| Work required |
Whenever a picture appears in the listing below, leave it out, and copy exactly the lines from the one containing "Levius Hardcover/Levius Est" through the end.

Material provided below:

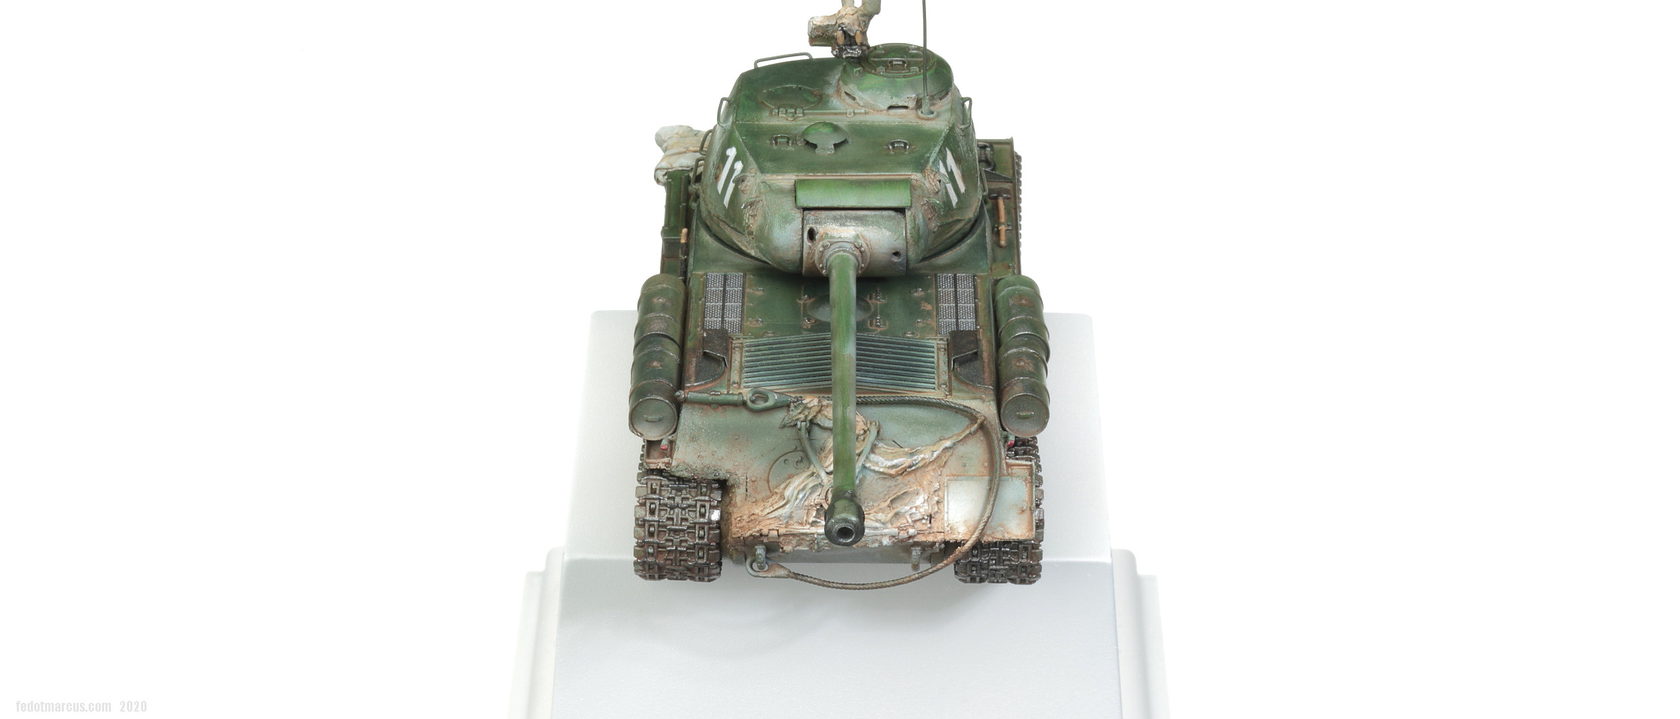 5011 Звезда 1/72 Советский тяжелый танк ИС-2. Покраска ИС-2 В 72 масштабе. Ис2-12-300 г4. Масштаб ис
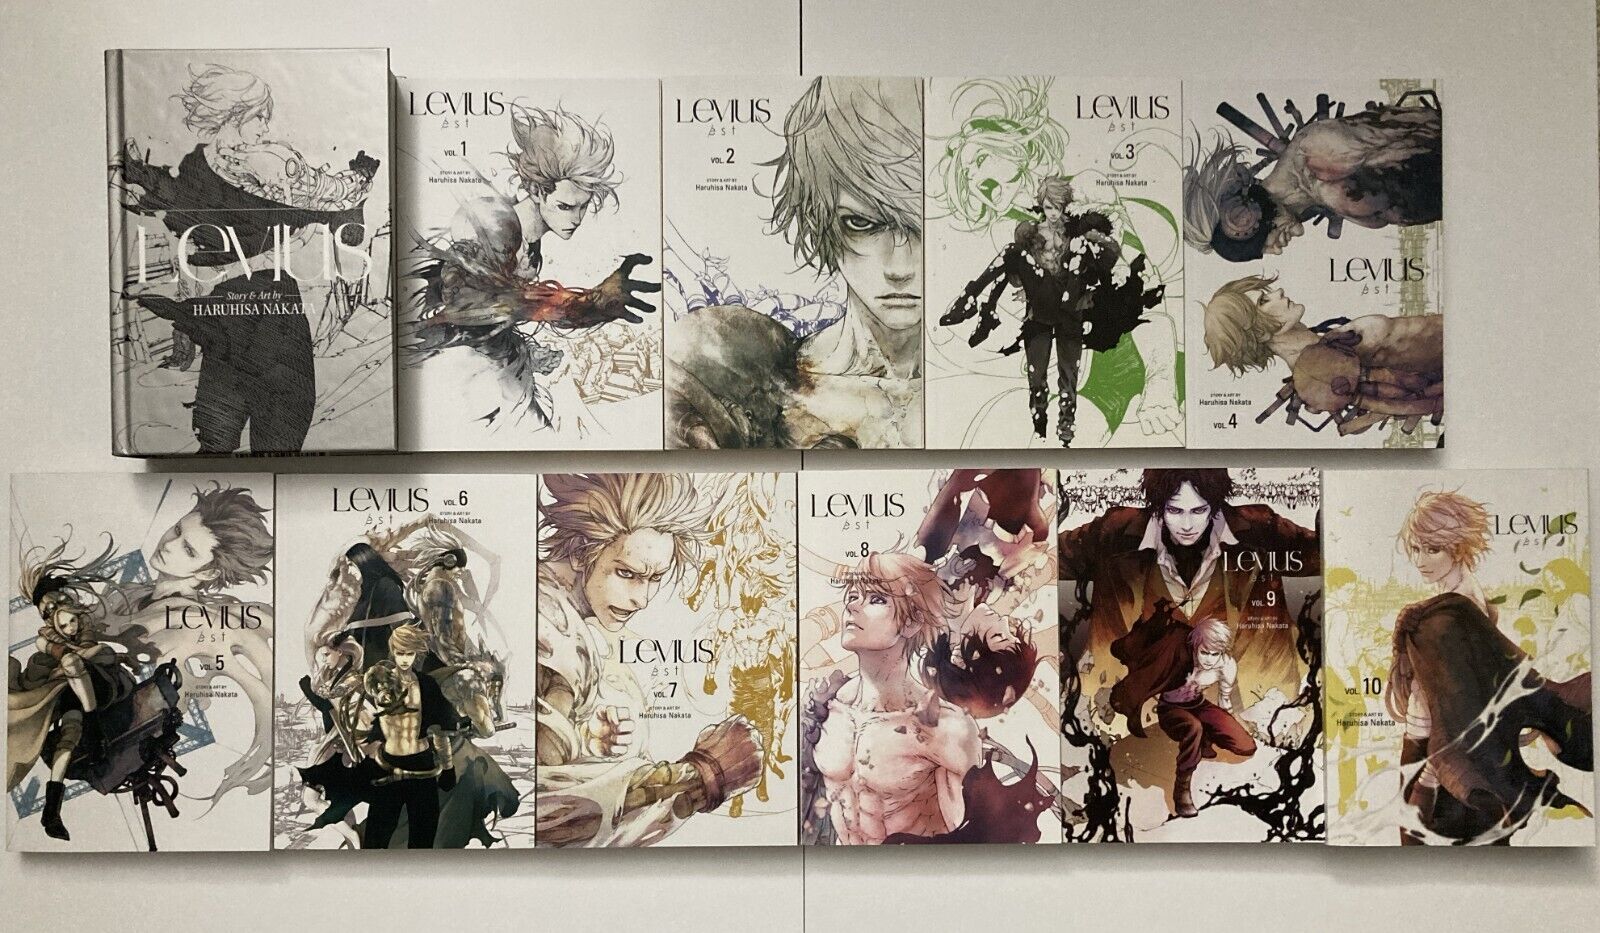 Levius Hardcover/Levius Est Manga Vol. 1 - 10 Complete Set English / 11 Books
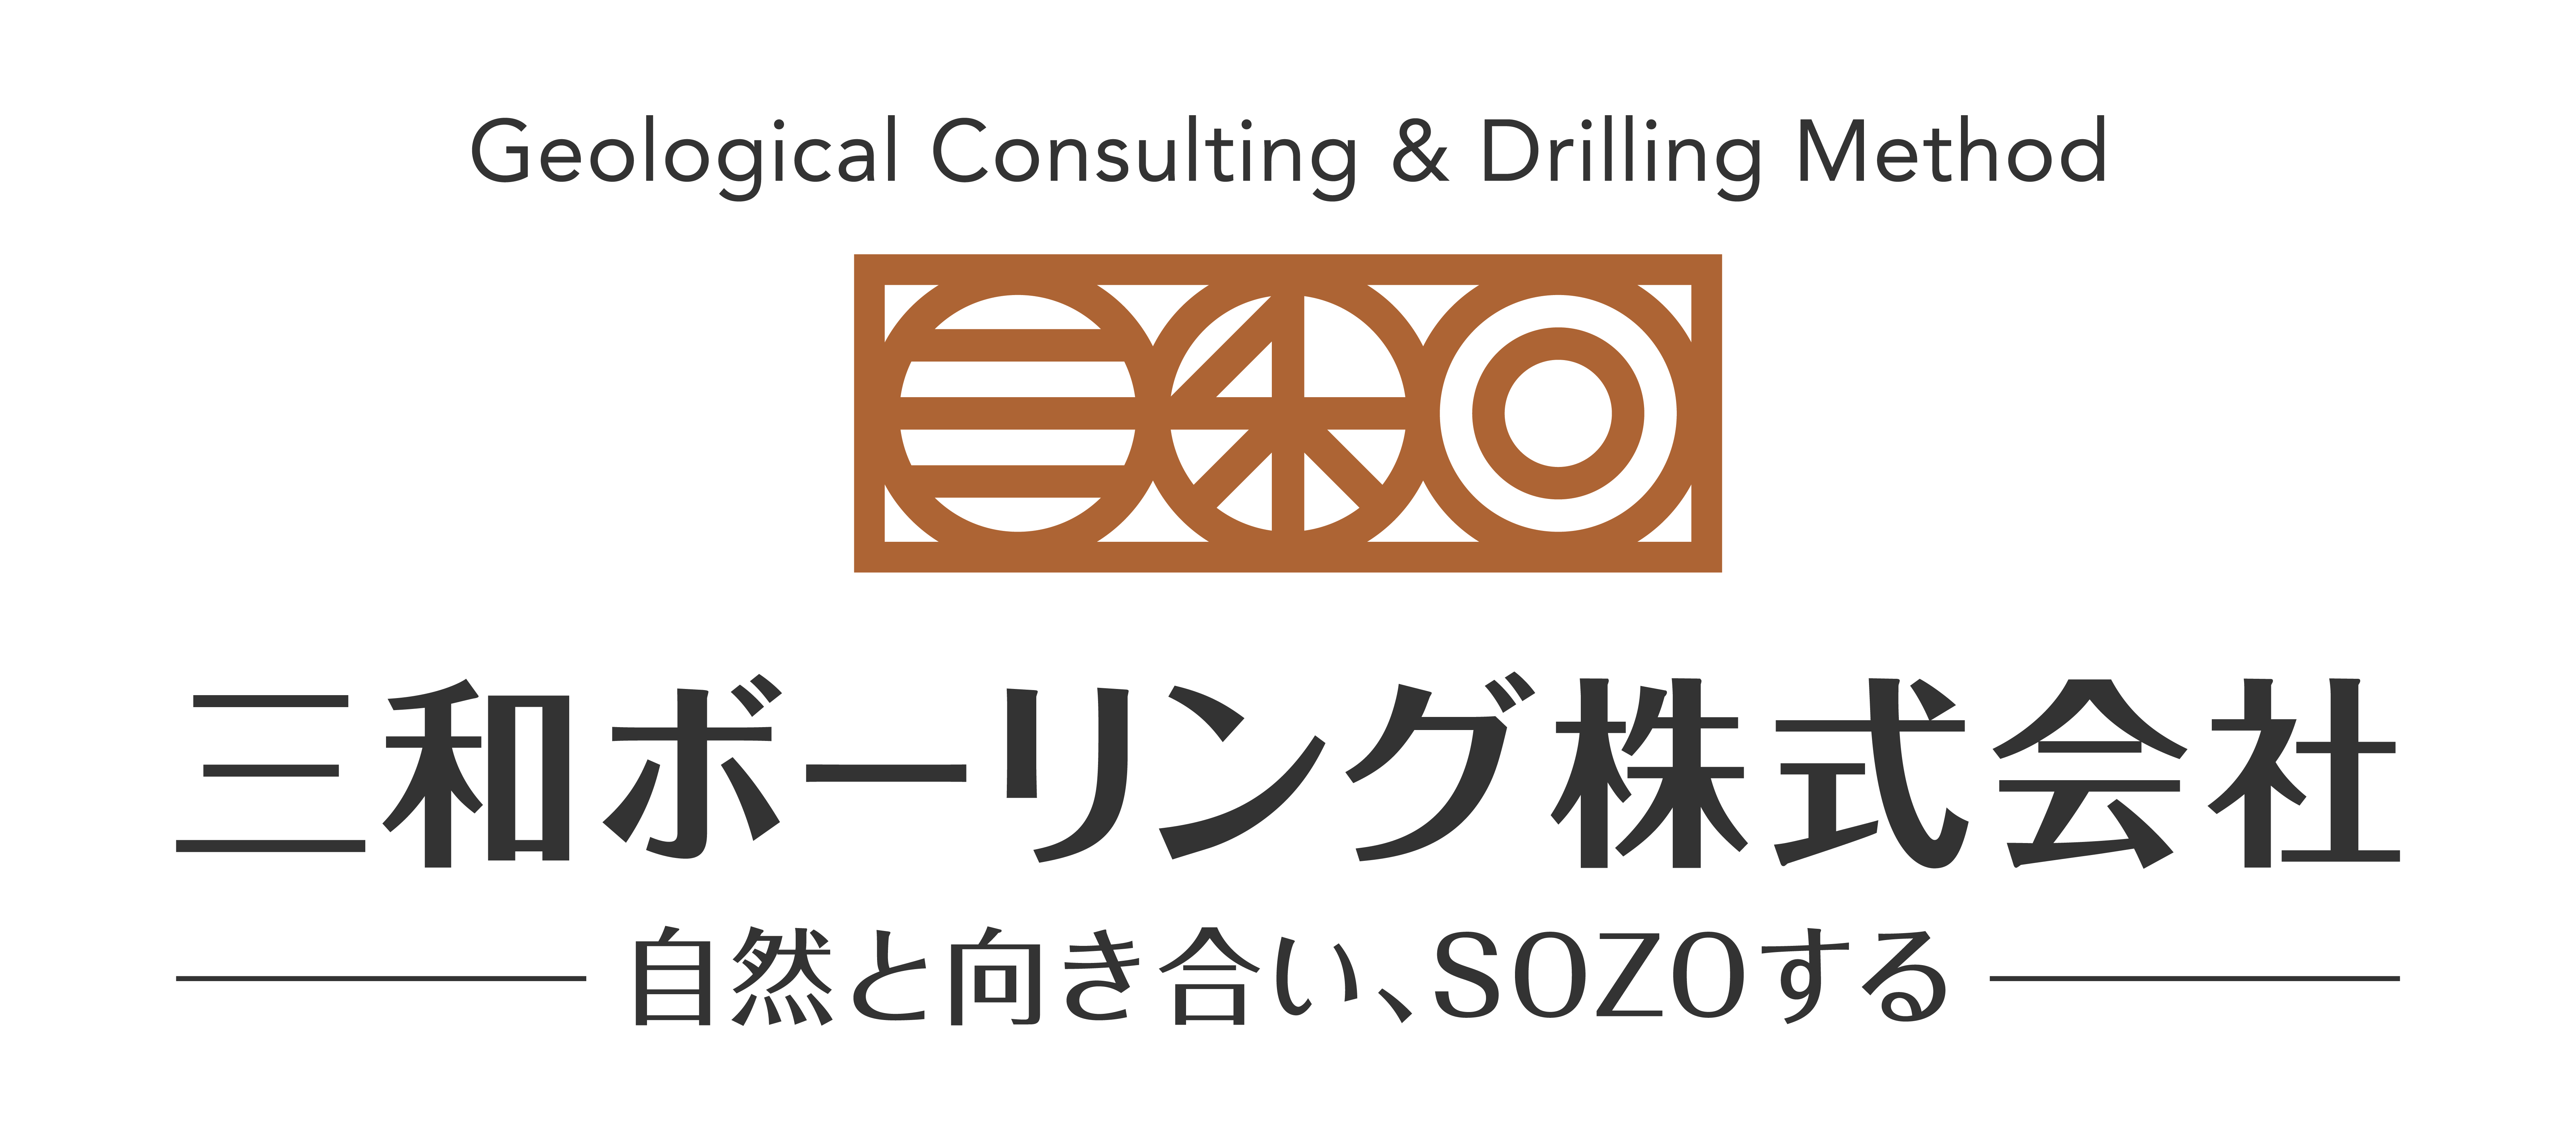 三和ボーリング株式会社のロゴ

End of Material provided.

| Problem solution |
 Levius Hardcover/Levius Est Manga Vol. 1 - 10 Complete Set English / 11 Books
 三和ボーリング株式会社のロゴ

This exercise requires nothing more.